# WTB 20" Bentley Mulliner 20x9 5x112 (4)



## Nethers (Dec 2, 2013)

As the title states, I am looking to buy your 2007-2009 era Bentley Continental GT and Flying Spur 20" Wheels/Rims. Preferably not Chromed, but the Alloy or Silver or Hyperflanged, but if the price is right, I would buy any and refinish myself. Send me a PM if you're interested in selling.


----------



## Nethers (Dec 2, 2013)

Bump not sure what you mean


----------



## eyceburg (Jun 1, 2014)

I have 19" Bentley Wheels and tires for sale. LET ME KNOW


----------



## Nethers (Dec 2, 2013)

19s are very nice, but am definitely interested in 20 inch bentley wheels.
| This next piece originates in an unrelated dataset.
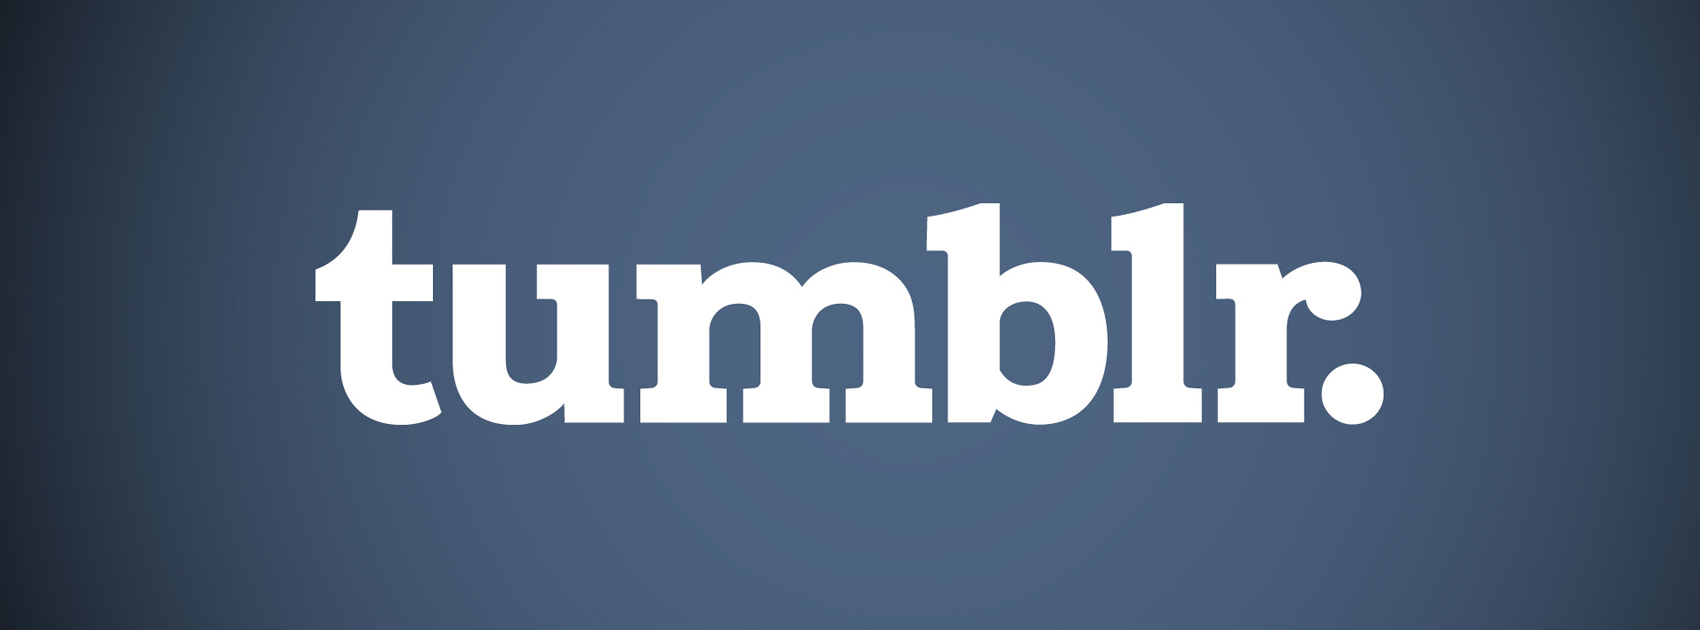 Inception Of Tumblr,Startup Stories,Startup News India,Latest Business News 2018,Founder of Tumblr,Tumblr CEO David Karp,Tumblr Story Ideas,Tumblr Success Motivation,How Tumblr Works,Tumblr Blogging Success Story,Tumblr History

Both size Mulliner rims are my favorites though.


----------



## Nethers (Dec 2, 2013)

Yep still looking, PM me if you find some.


----------



## JSheffild (Dec 9, 2014)

Man I can only dream of a car like this!


----------



## Nethers (Dec 2, 2013)

I'm looking for the wheels not the car.


----------



## Nethers (Dec 2, 2013)

Still looking for a set of Bentley Mulliners 20" (preferably Alloy).


----------



## Nethers (Dec 2, 2013)

Help me find two or more for Christmas! Looking for 20" Bentley Mulliners.


----------



## Nethers (Dec 2, 2013)

Great, I can always use more eyes to help me find a set of bentley mulliners. I'm so glad you didn't come here to try to hijack my looking to buy thread, let me know when you find me a set.


----------



## Nethers (Dec 2, 2013)

Still looking, missed another set at $1550, argh.


----------